Well I was sort of joking about that at first but then it doesn't seem too crazy after thinking about it. The thing with using the belt under power is that one wrong move and blam-o you've got a problem. Picture a blown out shinogi line. eek When you do it by hand it's a lot more controlled and often fast enough.


----------



## RDalman (Jul 26, 2018)

Sounds like you could use a vfd for your grinder.


----------



## Dave Martell (Jul 26, 2018)

RDalman said:


> Sounds like you could use a vfd for your grinder.



No truer words could be spoken.


----------



## Matus (Jul 26, 2018)

Dave Martell said:


> Hey Matus, maybe I could just lock my belt in place and work the knife right there on the platen? Just rotate to a new section as the abrasive wears?



Dave, I think that you have just nailed it. Seriously. Now you just find the belts that work best for this purpose.


----------



## JBroida (Jul 26, 2018)

i dont really get this... i guess if it works for you guys, great. But i dont really have issues using coarse stones at all. In fact, i rather enjoy quite a few of them. I just had some new ones made for me too... looking forward to testing them out when i have time.


----------



## Dave Martell (Jul 26, 2018)

Oh man Jon, you must have better stones over there than I've got, and no doubt that's so, LOL. 

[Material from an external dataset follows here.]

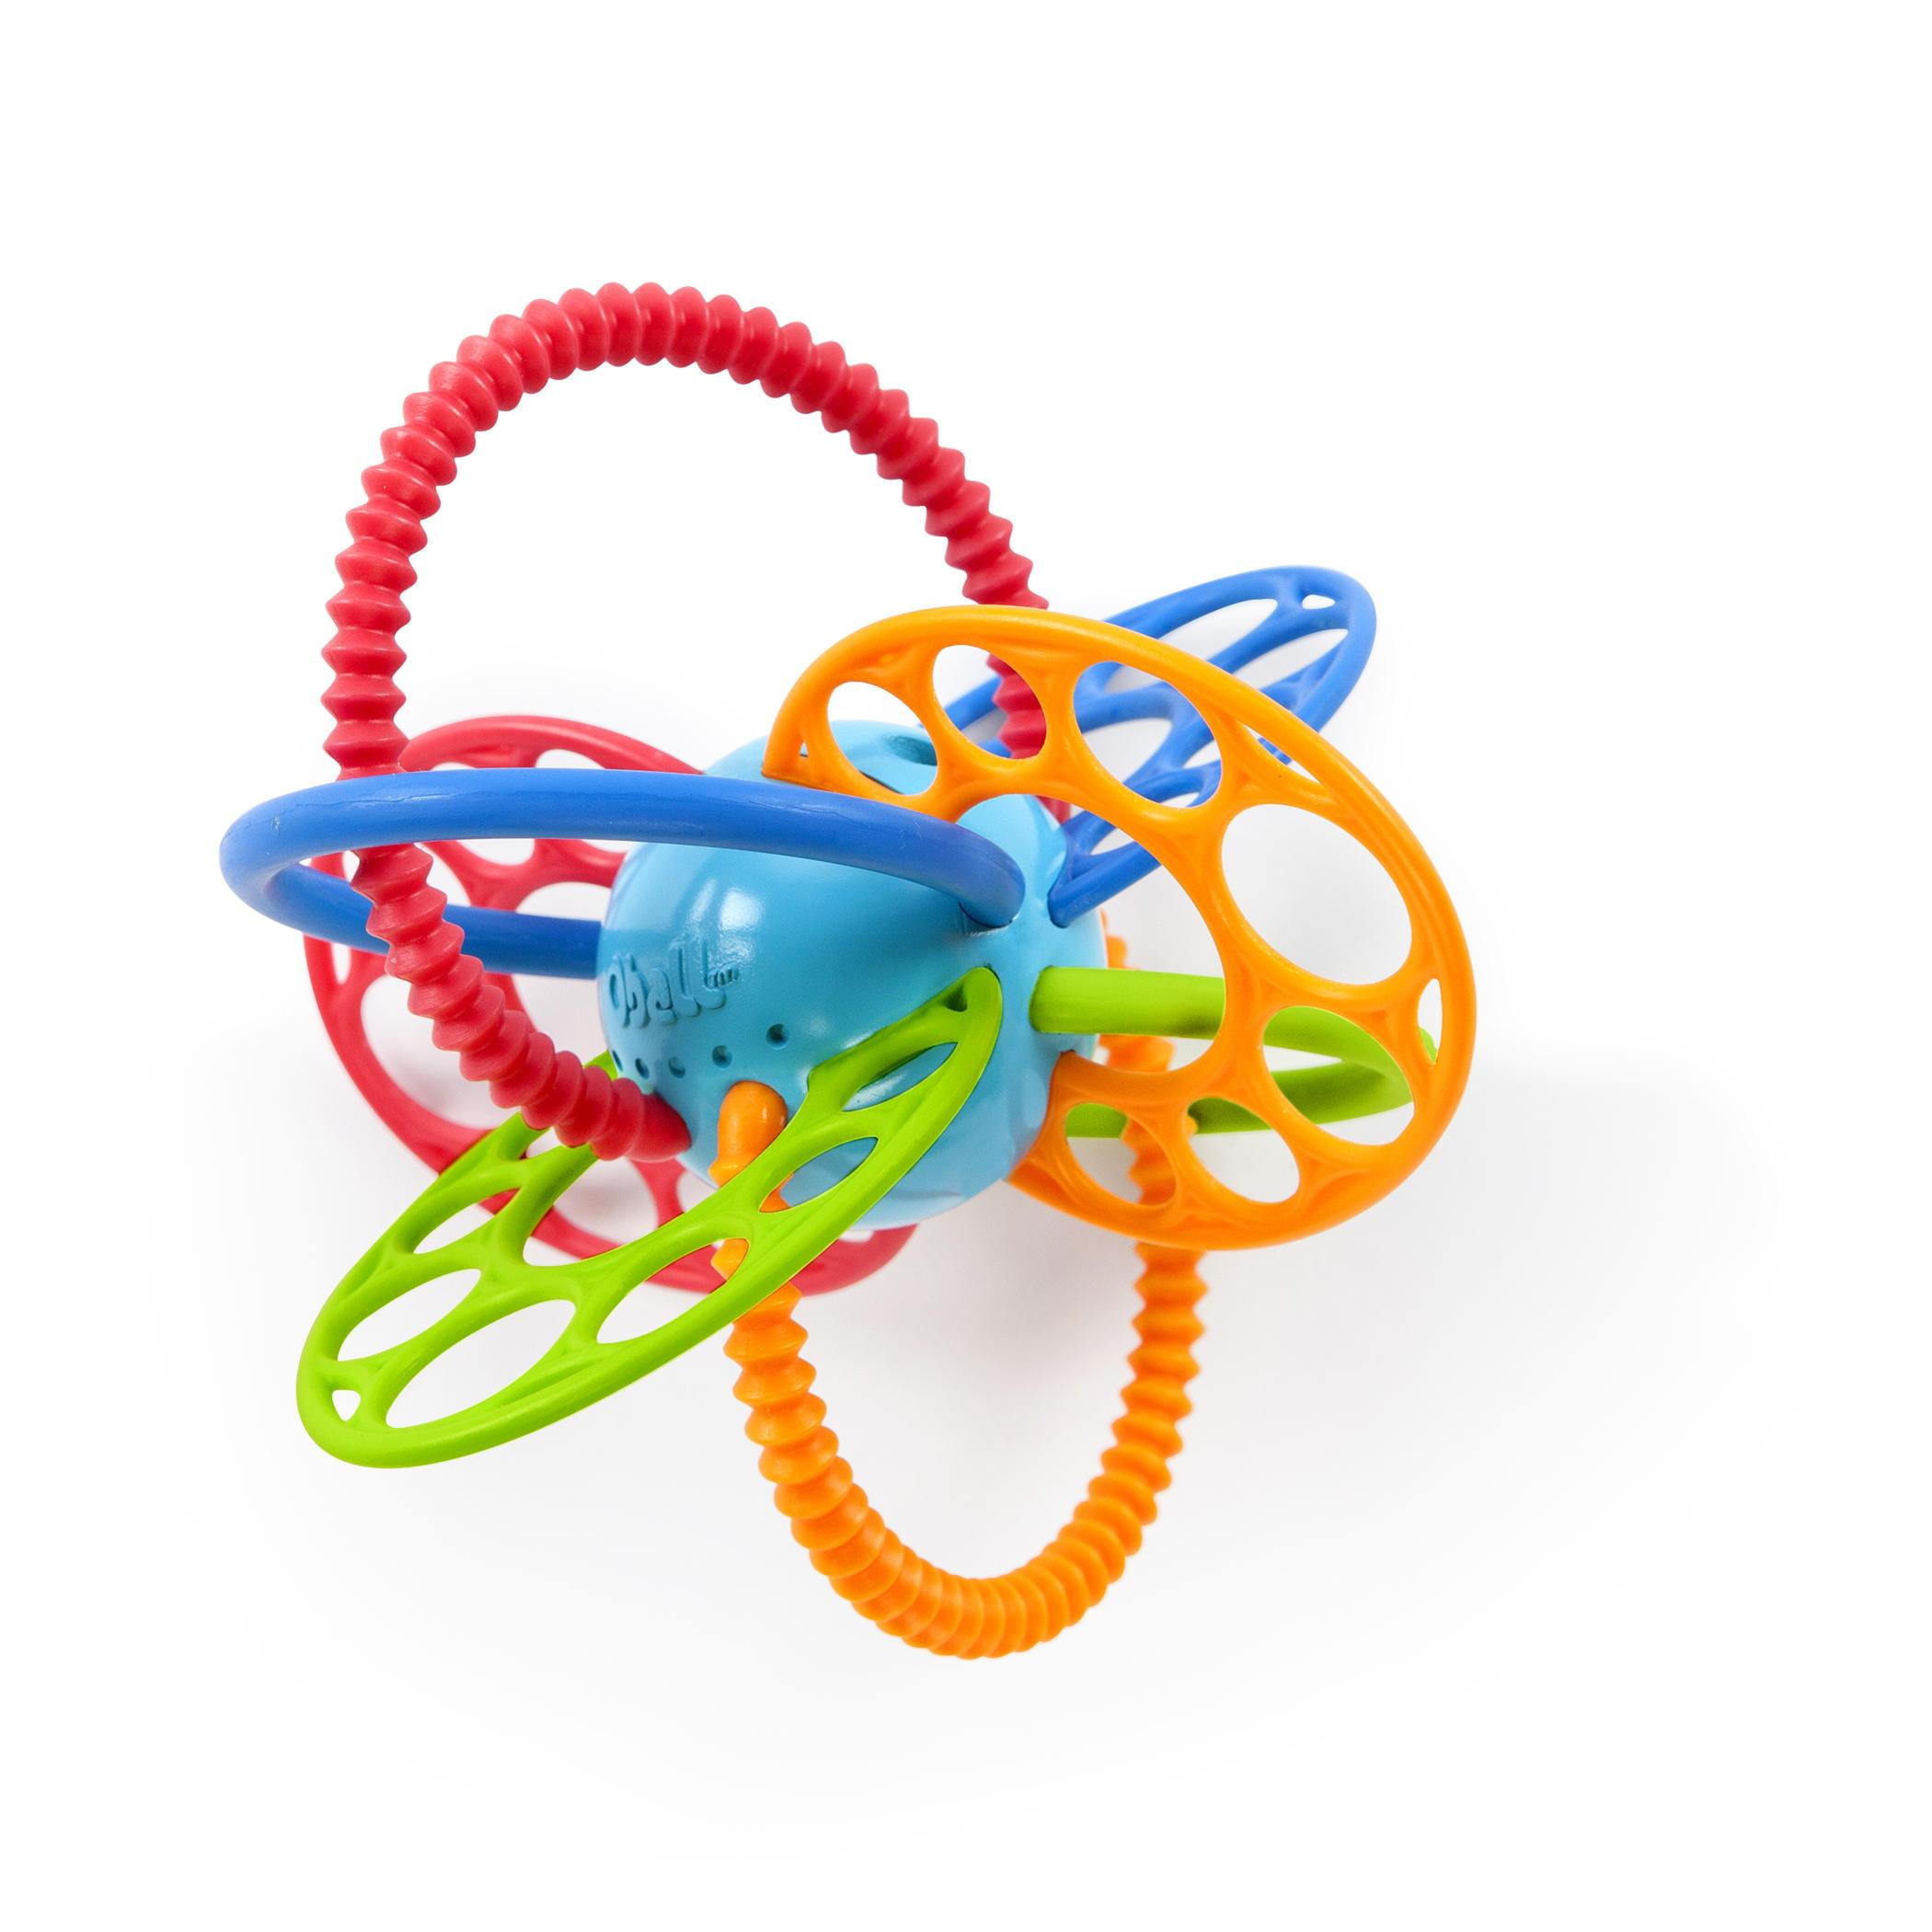 Oball Flexiloops Teething Toy
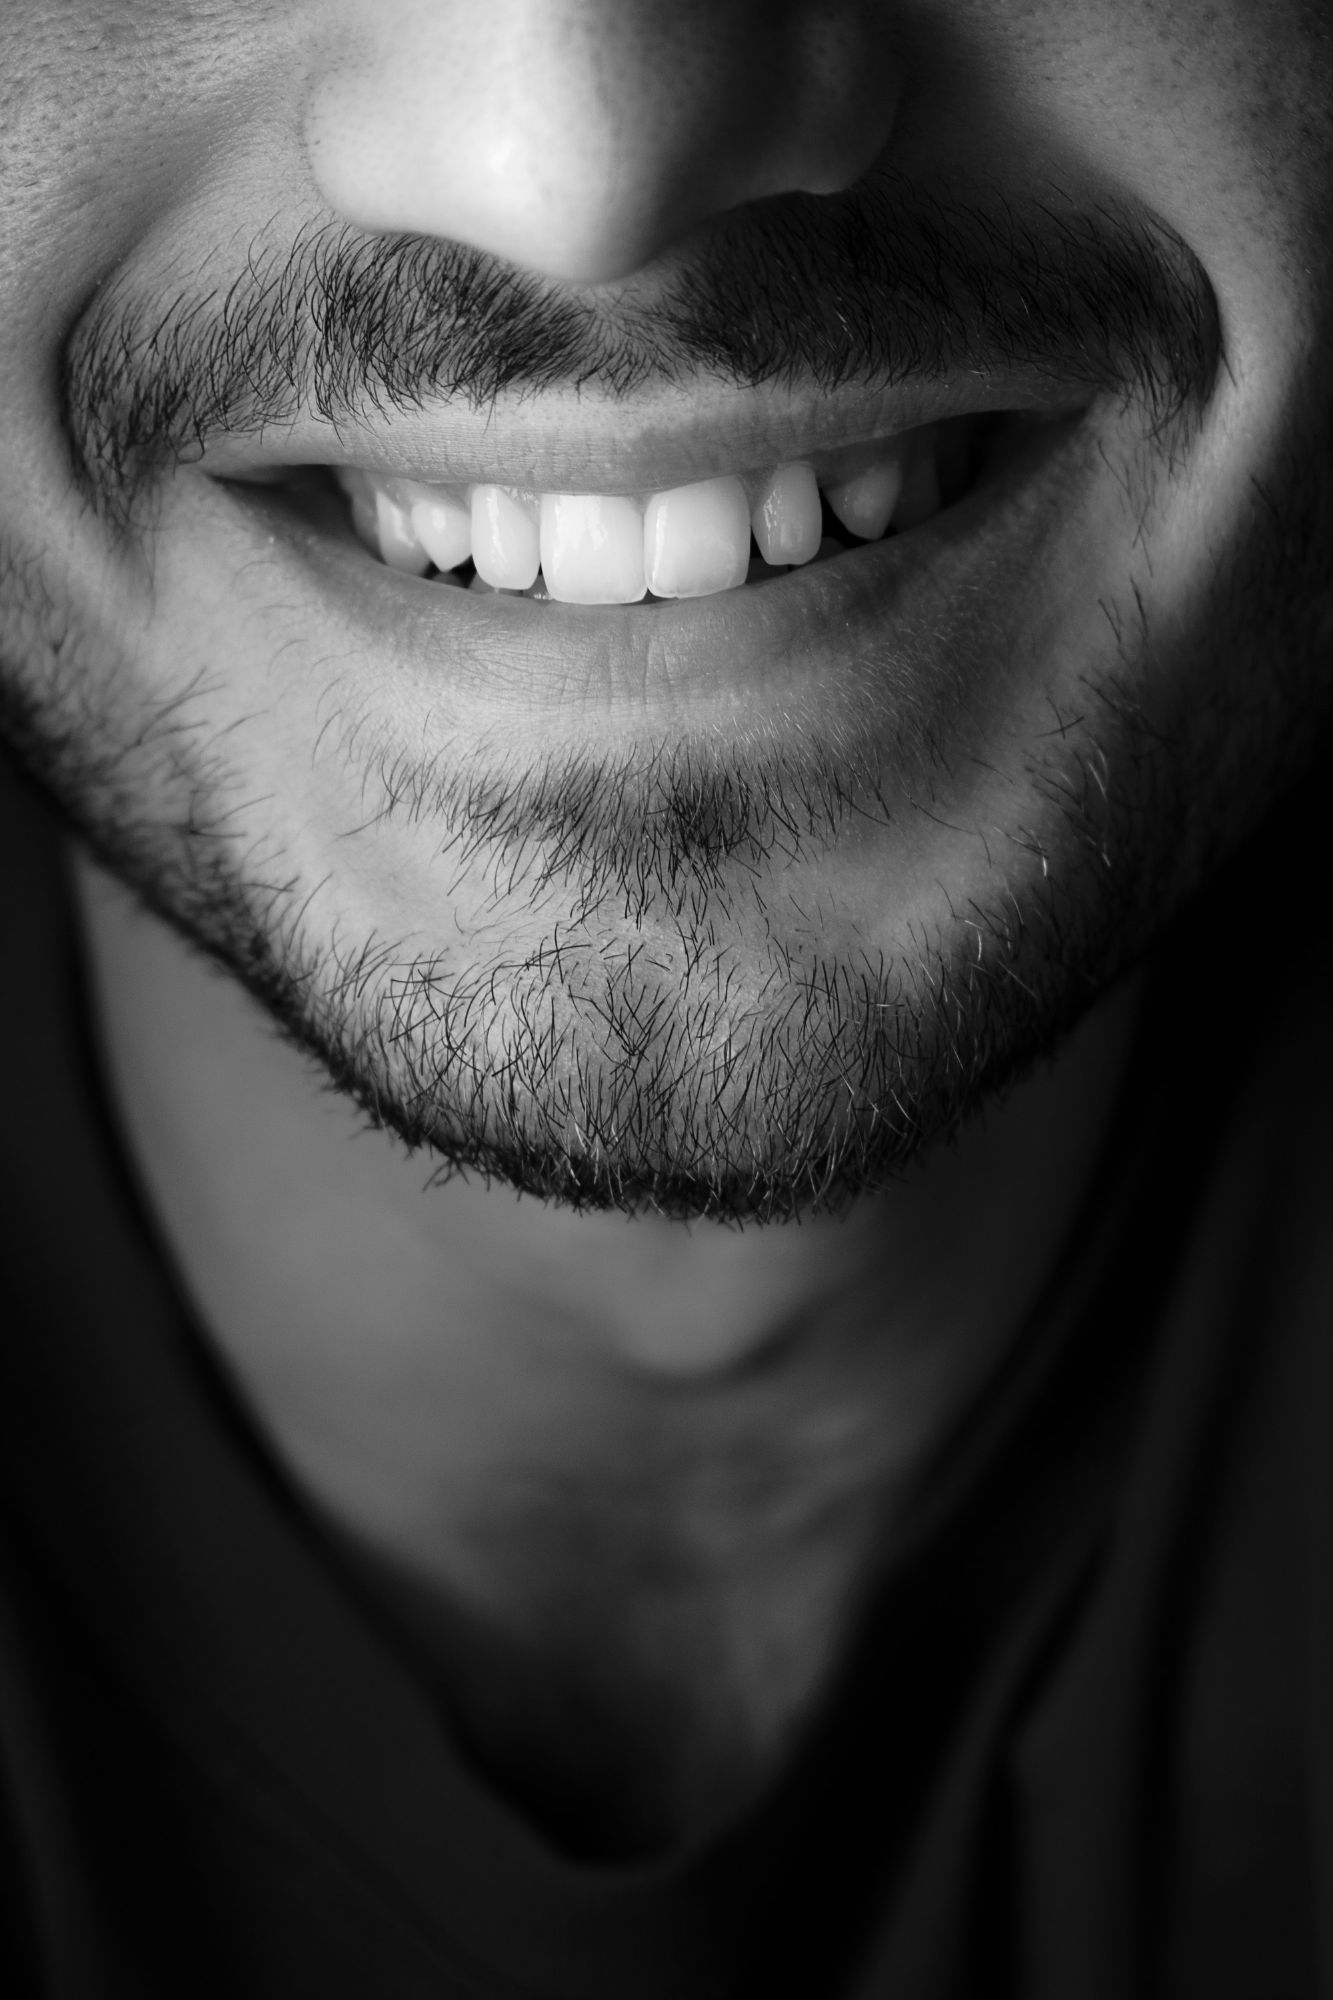 A set of bright white teeth

Yeah I HATE coarse stones to death at this point but oddly enough the sandpaper has been treating me pretty good, as stupid as that sounds. 

But if you do ever get the holy grail coarse stone I might (Might!) try it. I'm just so uncaring for them right now that I can't see me bothering again....for a awhile anyway.


----------



## Paraffin (Jul 27, 2018)

Dave Martell said:


> One wide bevel knife can ruin a diamond plate.



Ah, that makes sense. Thanks!


----------



## milkbaby (Jul 29, 2018)

I don't have one but a 10 or 12 inch disc grinder/sander with variable speed seems like a really useful tool for decent flats/flat bevels. It's bigger area than a large flat platen so it shouldn't heat up as quickly. You could jerry-rig up a drip water cooling system if you can handle water everywhere in your workspace.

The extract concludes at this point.